4.2.1.3 Verify callback

If you set passReqToCallback option to false, you can use the following verify callback

  function(token, done)

If you set passReqToCallback option to true, you can use the following verify callback

  function(req, token, done)

4.2.2 Use passport.authenticate to protect resources or APIs

In the following example, we are using passport to protect '/api/tasks'. User sends a GET request to '/api/tasks' with access_token in authorization header or body. Passport validates the access_token, adds the related claims from access_token to req.user, and passes the request to listTasks middleware. The listTasks middleware can then read the user information in req.user and list all the tasks related to this user. Note that we do authentication every time, so we don't need to keep this user in session, and this can be achieved by using session: false option.

  server.get('/api/tasks', passport.authenticate('oauth-bearer', { session: false }), listTasks);

4.2.3 Options available for passport.authenticate

  • session: if you don't want a persistent login session, you can use session: false. The default value is true.

  • tenantIdOrName: if you use common endpoint, you can use this option to dynamically provide the tenant.

Example:

  passport.authenticate('oauth-bearer', { session: false });

5. Test

In the library root folder, type the following command to install the dependency packages:

    $ npm install

5.1. Run all tests except the end to end tests

Type the following command to run tests:

    $ npm test

5.2. Run all tests including the end to end tests

5.2.1. Create test applications

First you need to register one application in v1 tenant, one in v2 tenant and one in B2C tenant.

For the v2 application, you should register it at https://apps.dev.microsoft.com/ instead of Azure Portal.

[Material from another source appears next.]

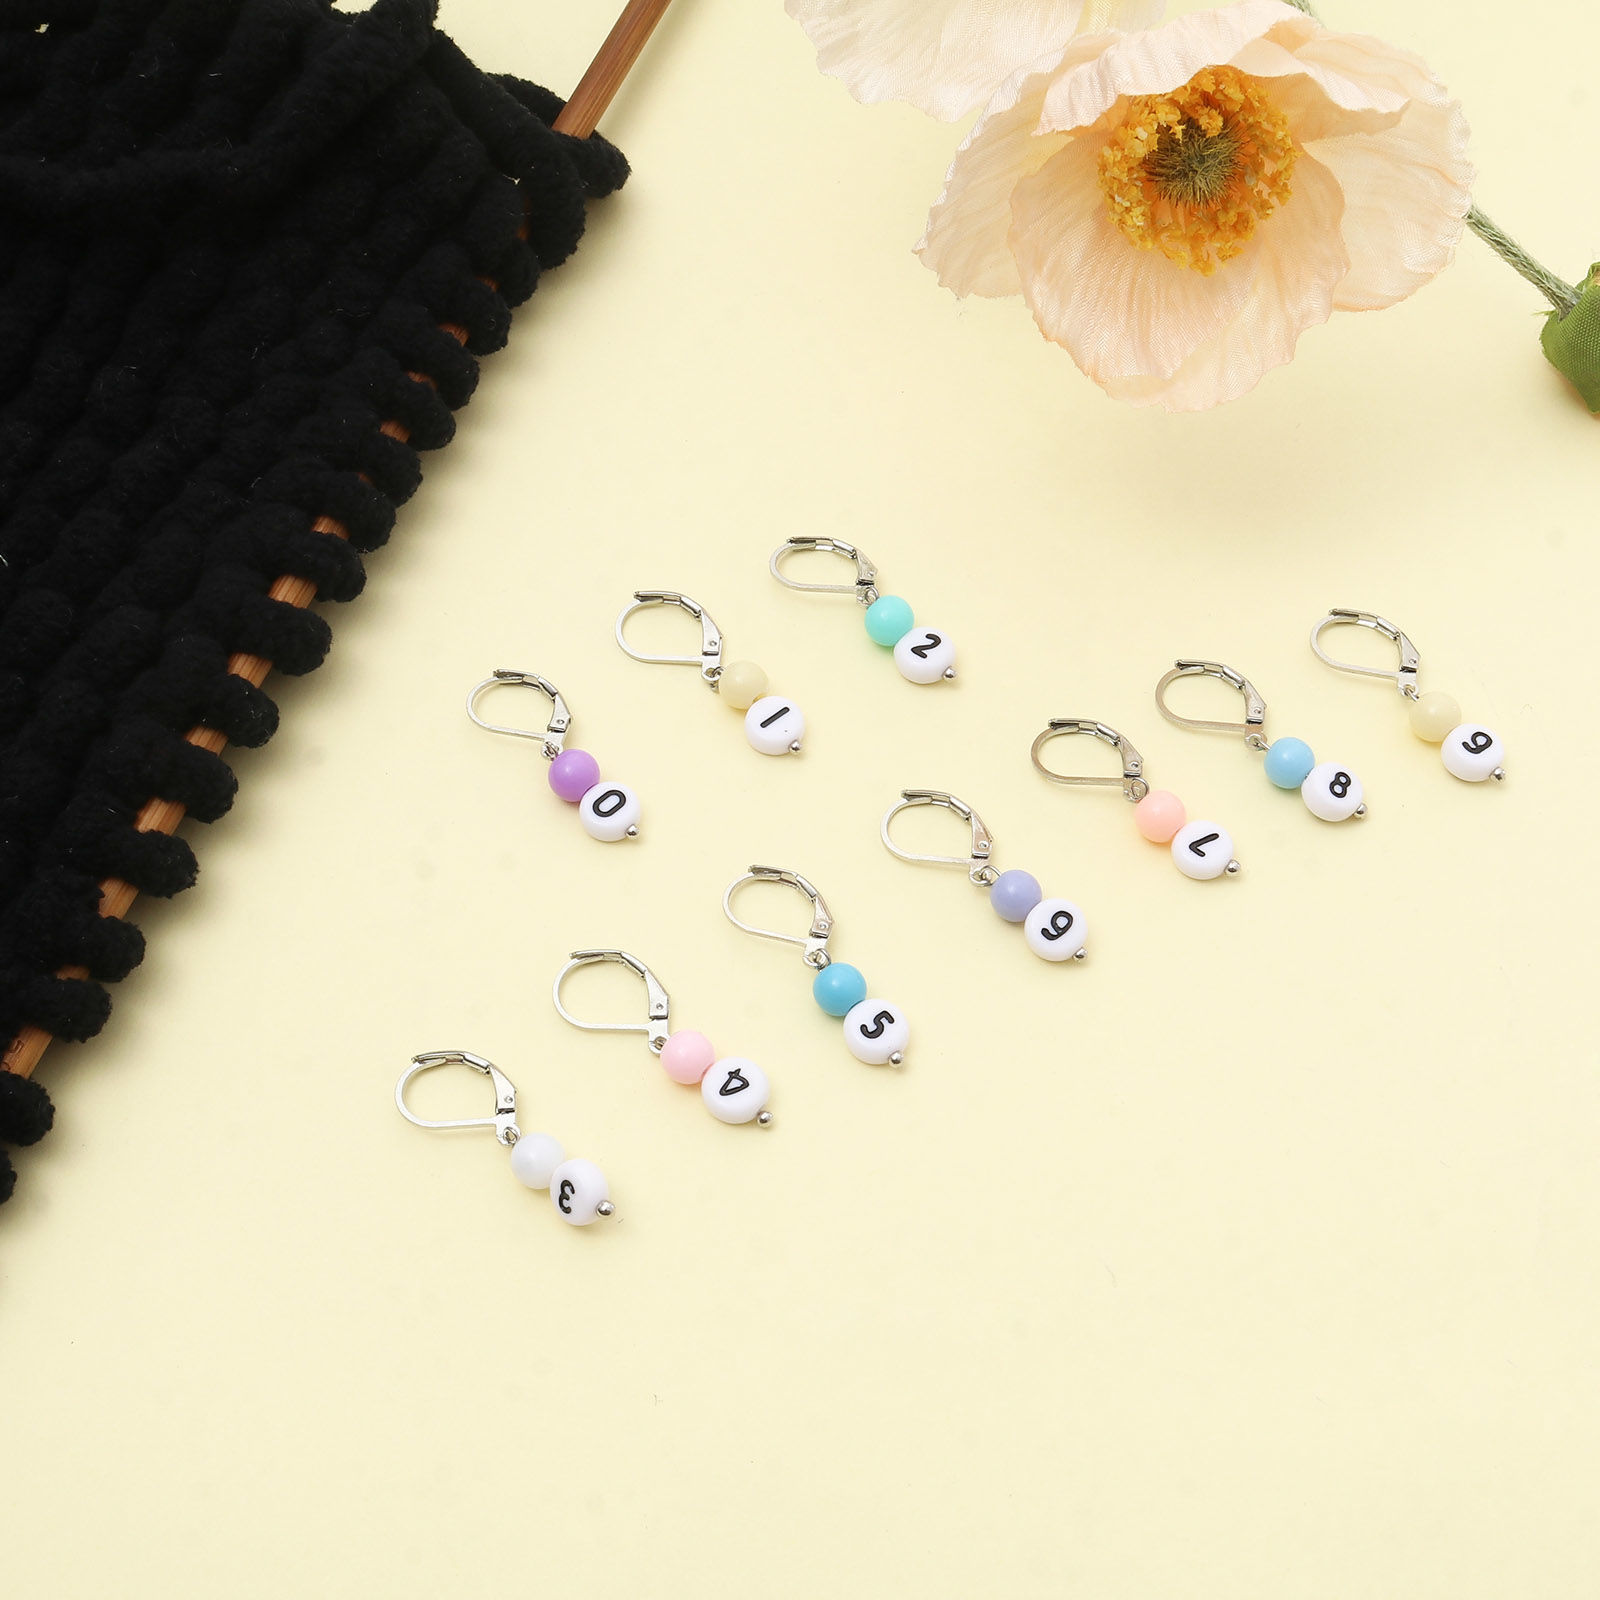 Picture of Copper & Acrylic Knitting Stitch Markers Number 0-9 Silver Tone At Random Color 3.1cm x 1.1cm, 1 Set ( 10 PCs/Set)

For the B2C application, create policies named 'B2C_1_signin', 'B2C_1_signup'. For each policy, select 'Local Account' as the identity provider, and select the following:

  • 'B2C_1_signup':

    • Sign-up attributes: 'Display Name', 'Email Address', 'Given Name', 'Surname'

    • Application claims: 'Display Name', Email Addresses', 'Given Name', 'Identity Provider', 'Surname', 'Users Object ID'

  • 'B2C_1_signin':

    • Application claims: 'Display Name', Email Addresses', 'Given Name', 'Identity Provider', 'Surname', 'Users Object ID'

You will also need to click the 'Run now' button in the 'B2C_1_signup' blade to create an user.

For B2C application, you will also need to create at least one scope and provide it to test parameters. See how to create scope for B2C access token. In the bearer_b2c_test, We will use OIDCStrategy to get a B2C access token for the scope, and use BearerStrategy to validate the scope. Note for scope we use the full url in b2c_params.scopeForOIDC but only the name in b2c_params.scopeForBearer. For example, b2c_params.scopeForOIDC=['https://sijun1b2c.onmicrosoft.com/oidc-b2c/read'] and b2c_params.scopeForBearer=['read'].

5.2.2. Fill the test parameters

Open test/End_to_end_test/script.js, set is_test_parameters_completed parameter to true. For test_parameters variable, fill in the tenant id/client id/client secret of your applications, and the username/password of your application user.

For thumbprint and privatePEMKey parameters, you need to specify a certificate for your app and register the public key in Azure Active Directory. thumbprint is the base64url format of the thumbprint of the public key, and privatePEMKey is the private pem key string. For a v1 tenant, you can follow this post to generate a certificate and register the public key. For a v2 tenant, you can go to your application page in the v2 portal and click Generate New Key Pair. A certificate will be generated for you to download. The corresponding public key is automatically registered in this case.

5.2.3. Run the tests

Type the following commands to run the tests:

    $ cd test/End_to_end_test
    $ npm install
    $ npm install grunt -g
    $ grunt run_tests_with_e2e

Tests will run automatically and in the terminal you can see how many tests are passing/failing. More details can be found here.

6. Logging

Personal Identifiable Information (PII) & Organizational Identifiable Information (OII)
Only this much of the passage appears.